Home Secretary seeks to remove derogatory place names in US
ALBUQUERQUE, NM – US Home Secretary Deb Haaland on Friday said “squaw” was a derogatory term and said she was taking action to remove the term from federal use and to replace d ‘other derogatory place names.
Haaland is ordering a federal panel tasked with naming geographic locations to implement procedures to remove what she called racist terms from federal use.
“The lands and waters of our nation should be places to celebrate the outdoors and our shared cultural heritage – not to carry on the legacy of oppression,” Haaland said in a statement. “Today’s actions will accelerate an important process to reconcile derogatory place names and mark an important milestone in honoring the ancestors who have ruled our lands from time immemorial. “
The first Native American to hold a ministerial post, Haaland is from Laguna Pueblo, New Mexico.
Under Haaland’s order, a federal task force will come up with alternate names for geographic features on federal lands bearing the term “squaw,” which has been used as an insult, particularly to Indigenous women. A database maintained by the Board on Geographic Names shows that there are currently more than 650 federal sites whose names contain the term.
The working group will be composed of representatives of federal land management agencies and experts from the Ministry of the Interior. Tribal consultation and public feedback will be part of the process.

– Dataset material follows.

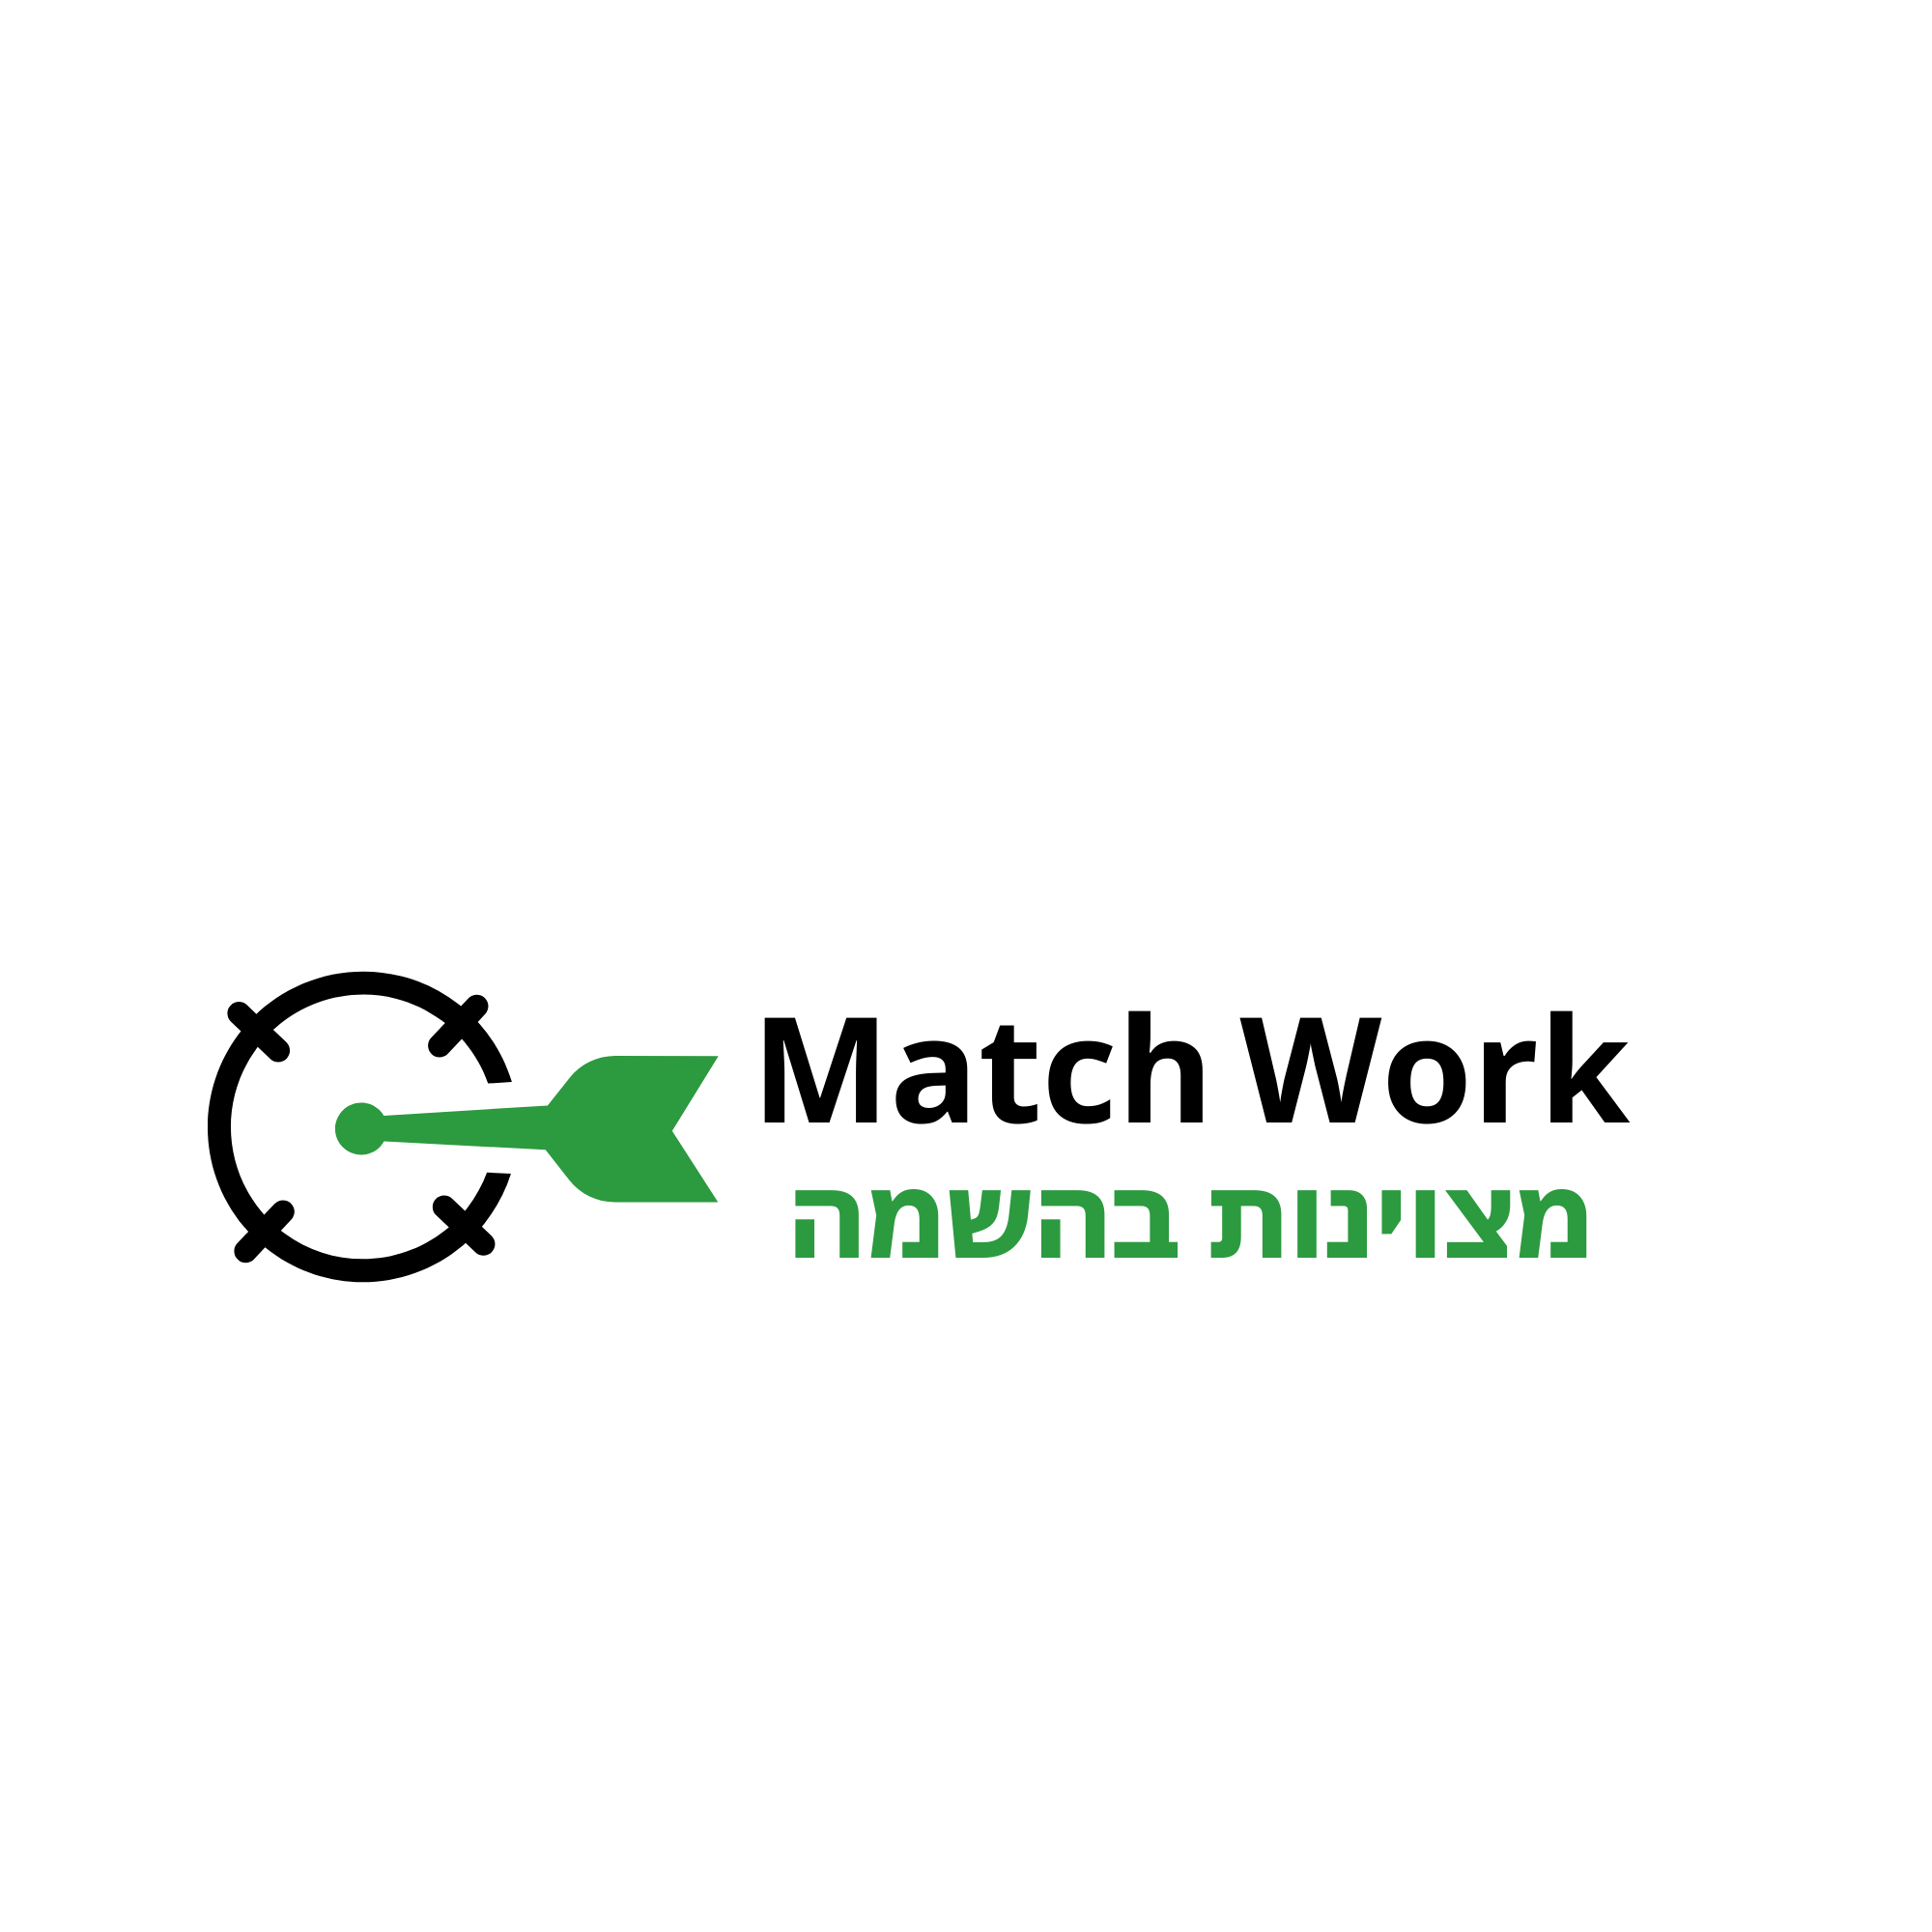 matchwork גיוס והשמה.logo

The process of changing place names in the United States can take years, and federal officials have said there are currently hundreds of proposed name changes pending before the board of directors.

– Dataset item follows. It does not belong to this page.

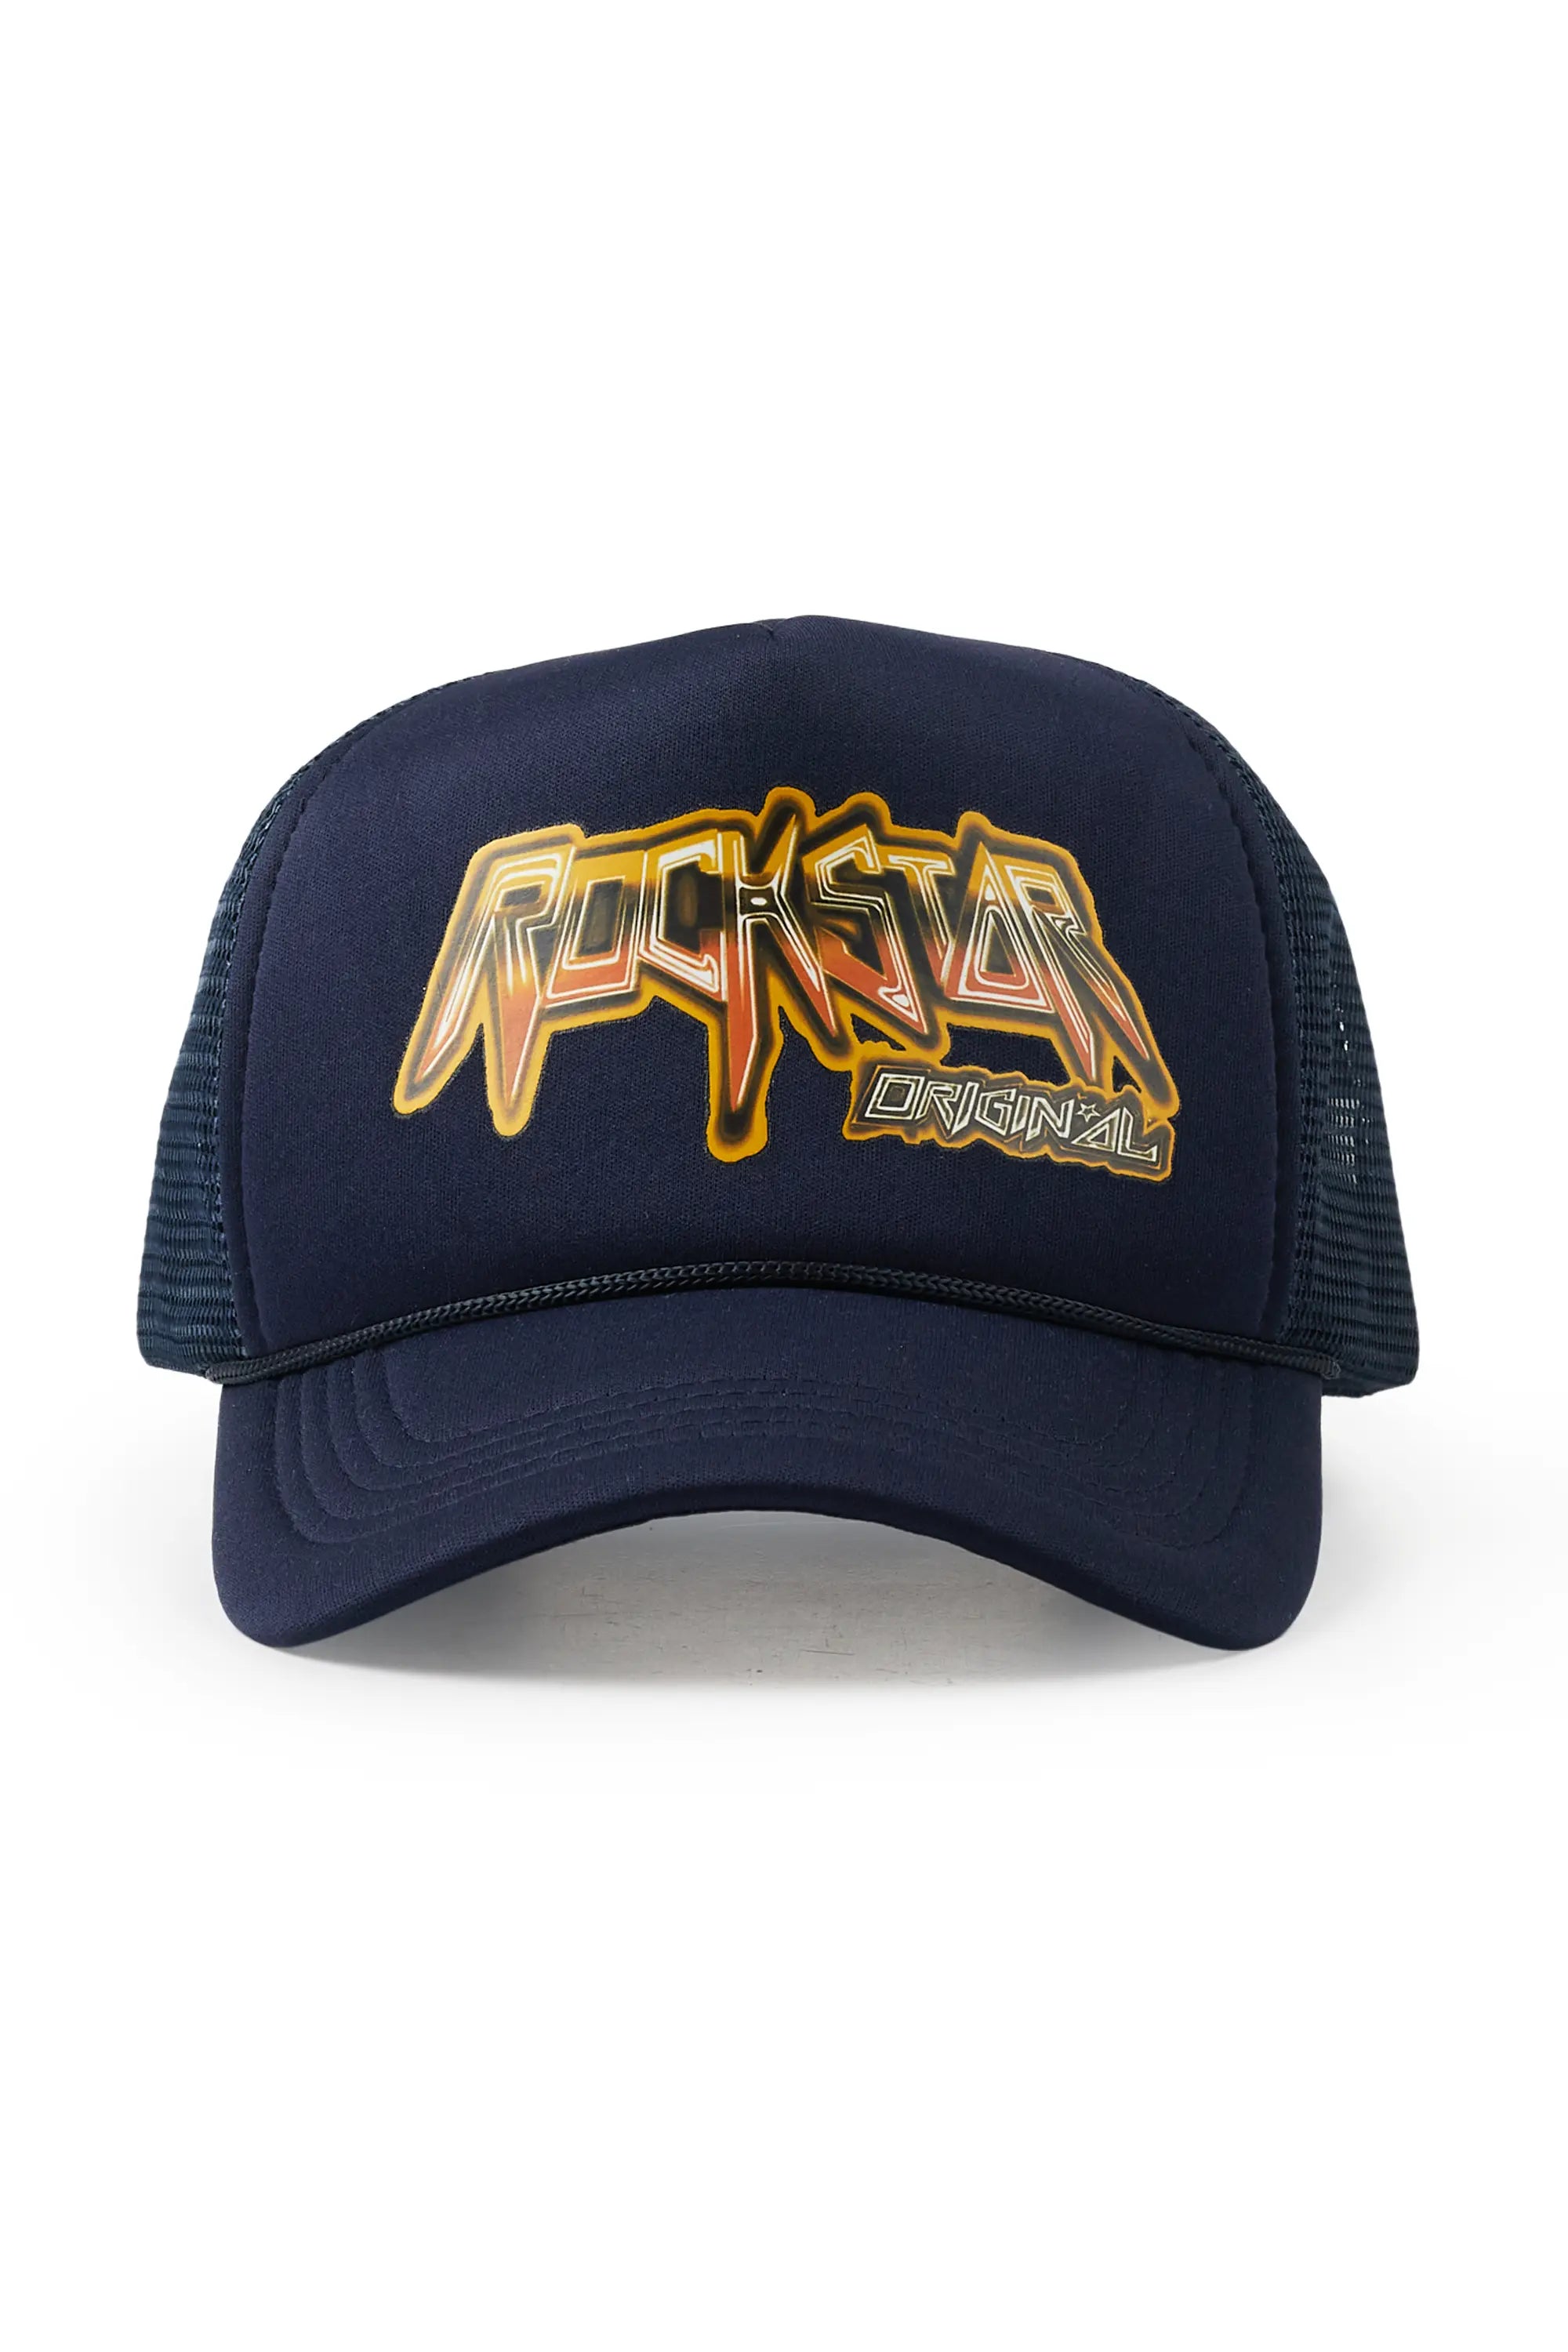 Ogen Navy Graphic Trucker Hat

Haaland also called for the creation of an advisory committee to solicit, review and recommend changes to other derogatory geographic and federal place names. This panel will be composed of tribal representatives and experts in civil rights, anthropology and history.
In the 1960s and 1970s, the Board of Geographic Names took steps to eliminate the use of derogatory terms for blacks and Japanese.

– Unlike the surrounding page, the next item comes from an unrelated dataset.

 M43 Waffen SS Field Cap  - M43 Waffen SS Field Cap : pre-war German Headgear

Legislation is pending in Congress to deal with derogatory names on geographic features on public lands. The states from Oregon to Maine have passed legislation prohibiting the use of the word “squaw” in place names.
In 2020, Phoenix City Council unanimously voted to rename Squaw Peak Drive to Piestewa Peak Drive, in honor of late Native American soldier Lori Piestewa, after being decried as a humiliating and degrading word.
The move came after council approved a measure that would give the city the right to rename derogatory street names without residents’ consent.